Finastra: «AI Has Become a Non-Negotiable Priority»

Virtually no player in the financial industry globally is not utilizing artificial intelligence, according to a report by British financial software provider Finastra, but progress and focus vary across markets.

Only 2 percent of financial institutions say they’re not using artificial intelligence and have no plans to start, according to a report by Finastra entitled «Financial Services State of the Nation 2026».

31 percent of respondents said they have scaled deployment across multiple functions, while 30 percent have limited production deployment and 27 percent are in the process of piloting or testing in limited functions.

By markets, Vietnam reported the highest levels of active AI deployment at 74 percent, while Japan is a laggard (39 percent) likely due to its «cautious approach to technological change, legacy system constraints, and a preference for incremental innovation over rapid deployment».

Varying Local Priorities

Despite mass adoption, the focus areas vary depending on the local priorities. Singapore, for example, is placing emphasis on compliance and regulatory processes (43 percent) while the UK is focused on generating better insights (42 percent) by leveraging data and positioning AI as a decision‑making partner.
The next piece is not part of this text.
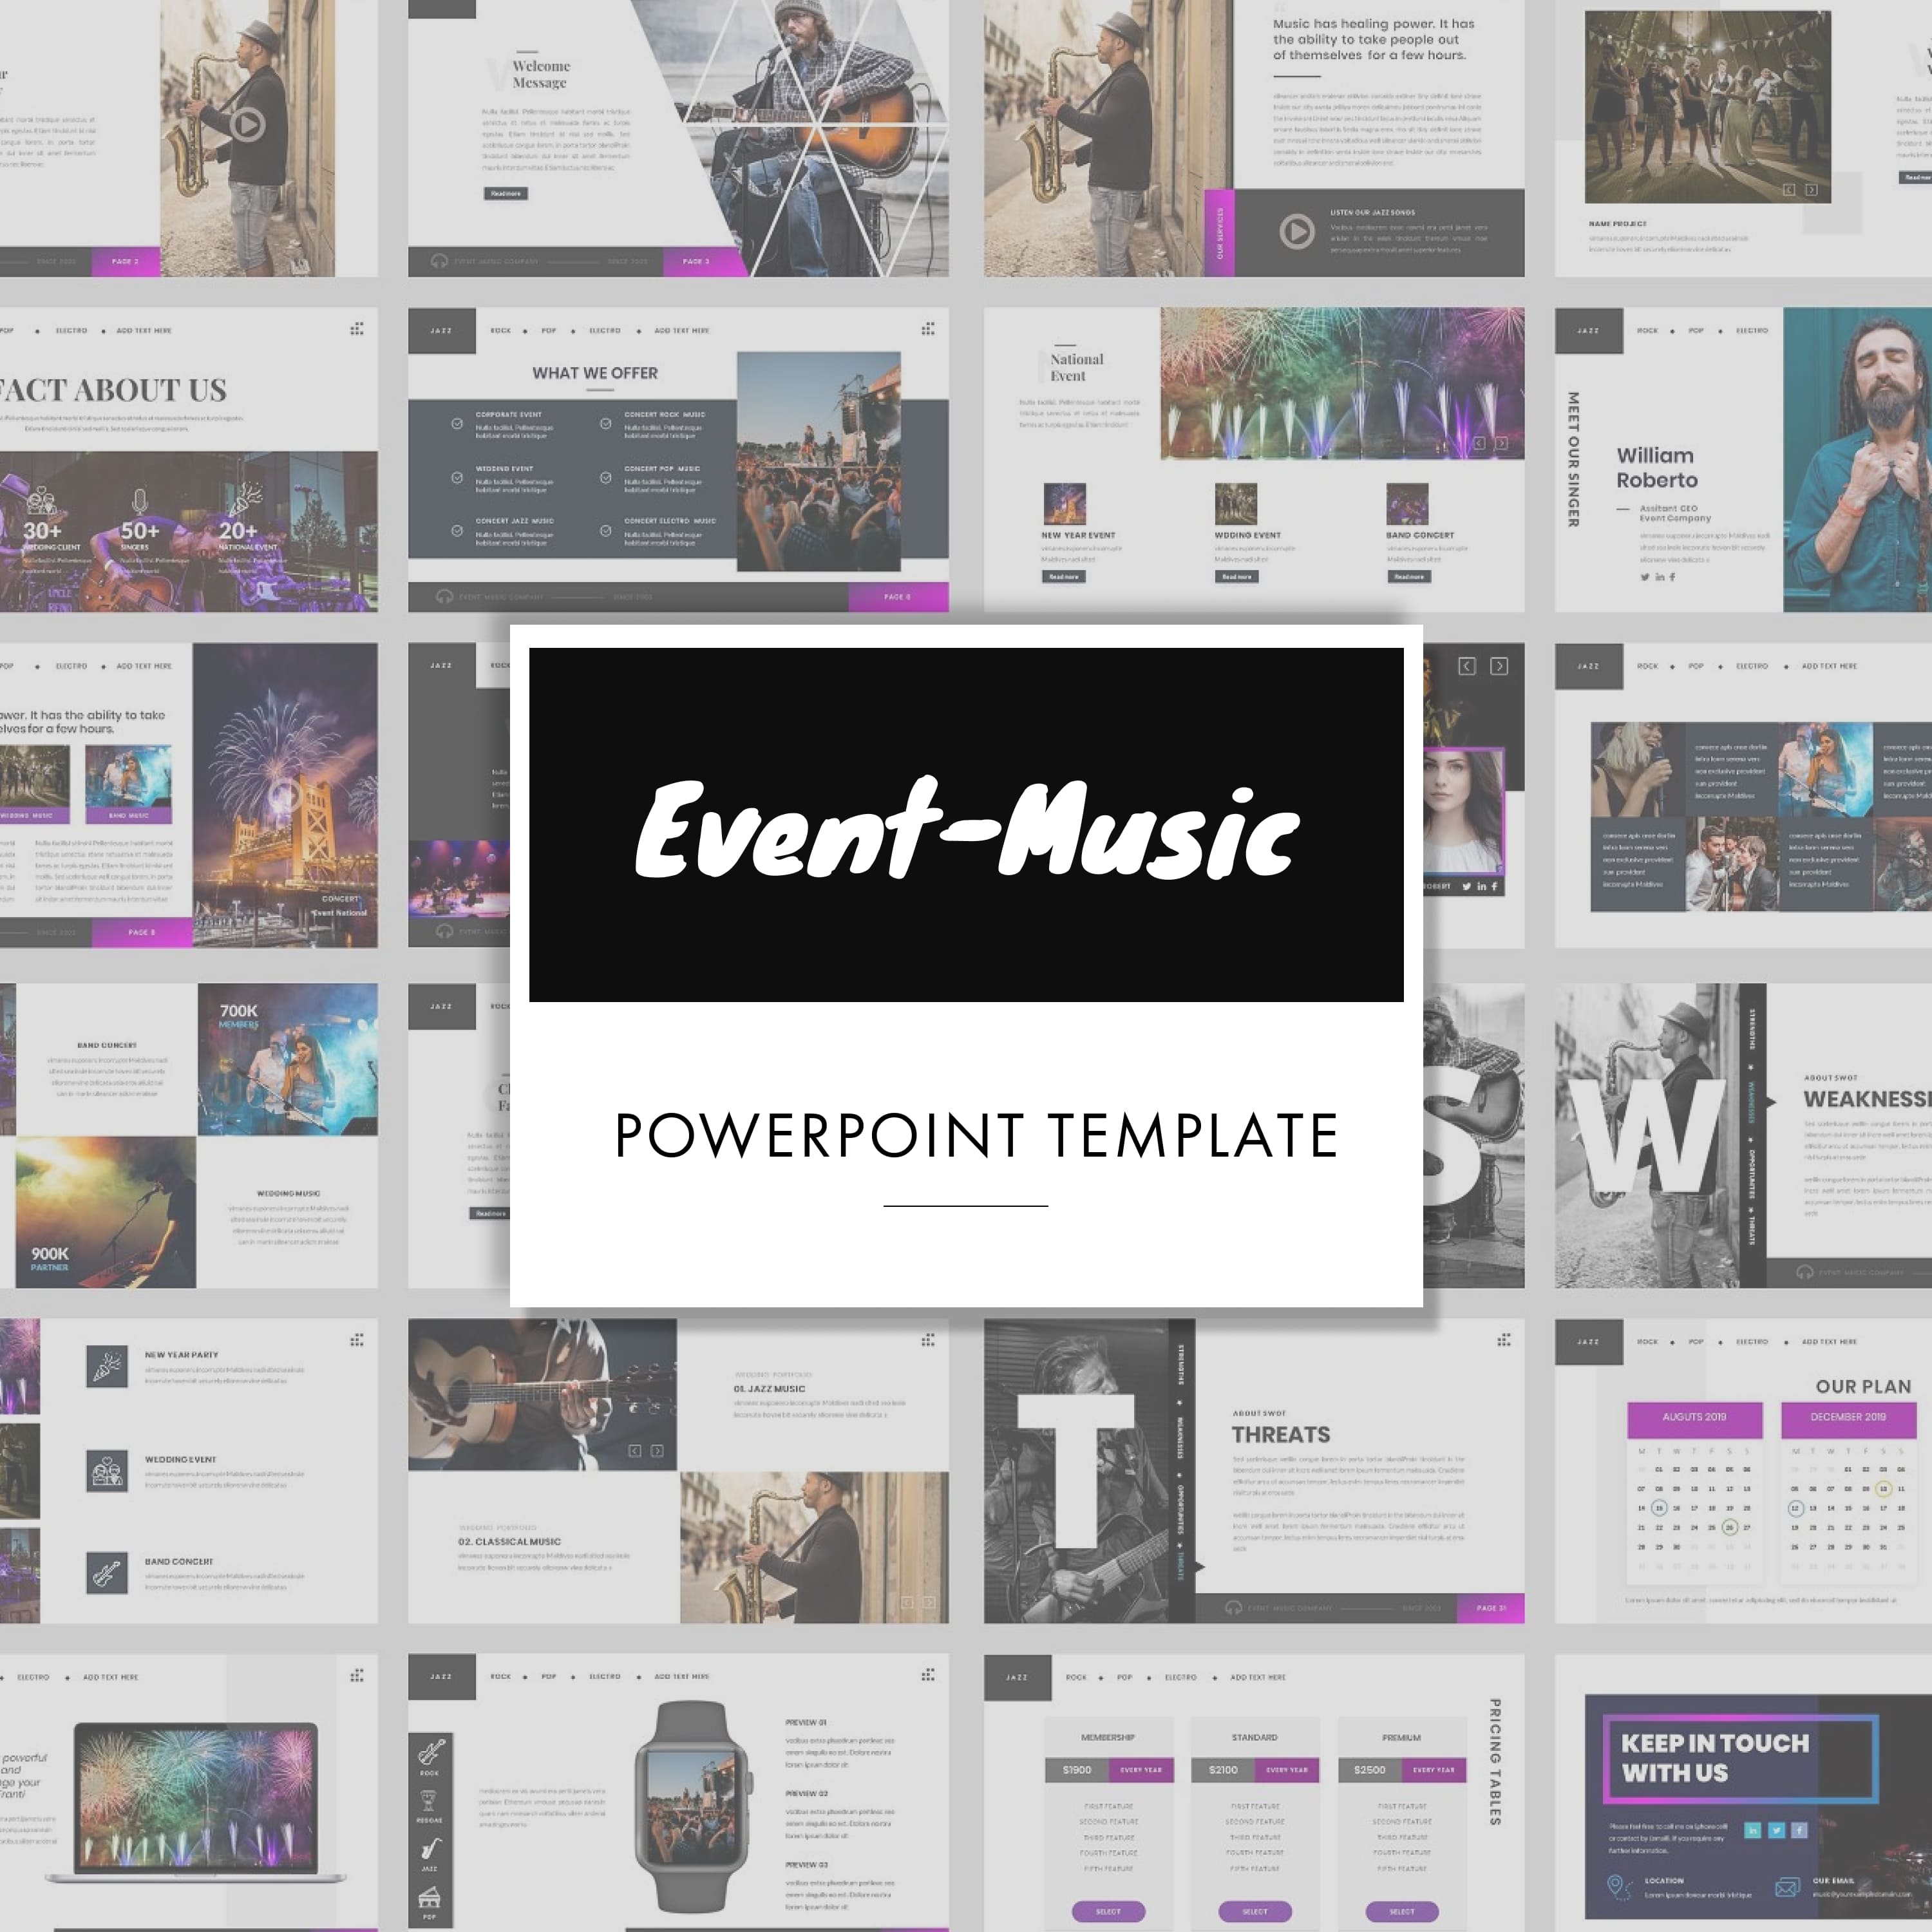 Event-Music PowerPoint Template.

Globally, the top primary objective for implementing AI was to improve accuracy and reduce errors, as agreed by 40 percent of respondents, followed by increasing employee productivity for non-developer roles (37 percent) and increasing processing speed for payments nd lending (36 percent).

«It’s clear that what was once a frontier technology, faced with undeniable skepticism, is now embedded across the banking value chain, reshaping trust, efficiency and customer experience,» the report said. «AI has become a non-negotiable priority for financial institutions worldwide.»
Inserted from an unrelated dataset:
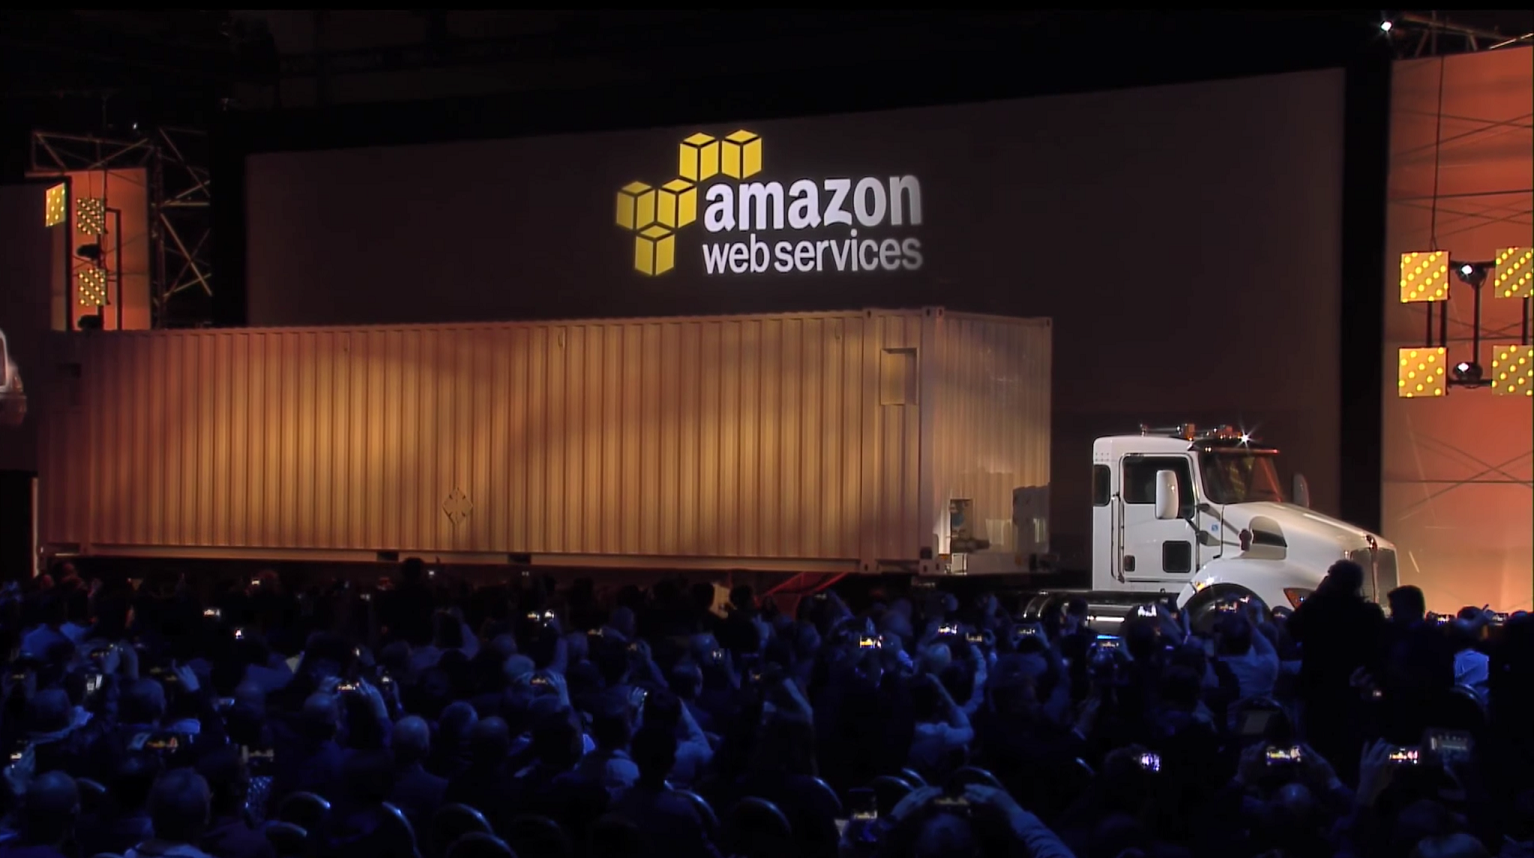 Hedging its bets, AWS evolves into holistic cloud provider

The report was based on a survey in November 2025 of 1,509 managers and executives from banks and financial institutions across 11 markets including France, Germany, Hong Kong, Japan, Mexico, Saudi Arabia, Singapore, the UAE, UK, the US and Vietnam. Collectively, the organizations manage over $100 trillion in assets, employ around 5 million staff and serve approximately 400 million client, customer, or member relationships.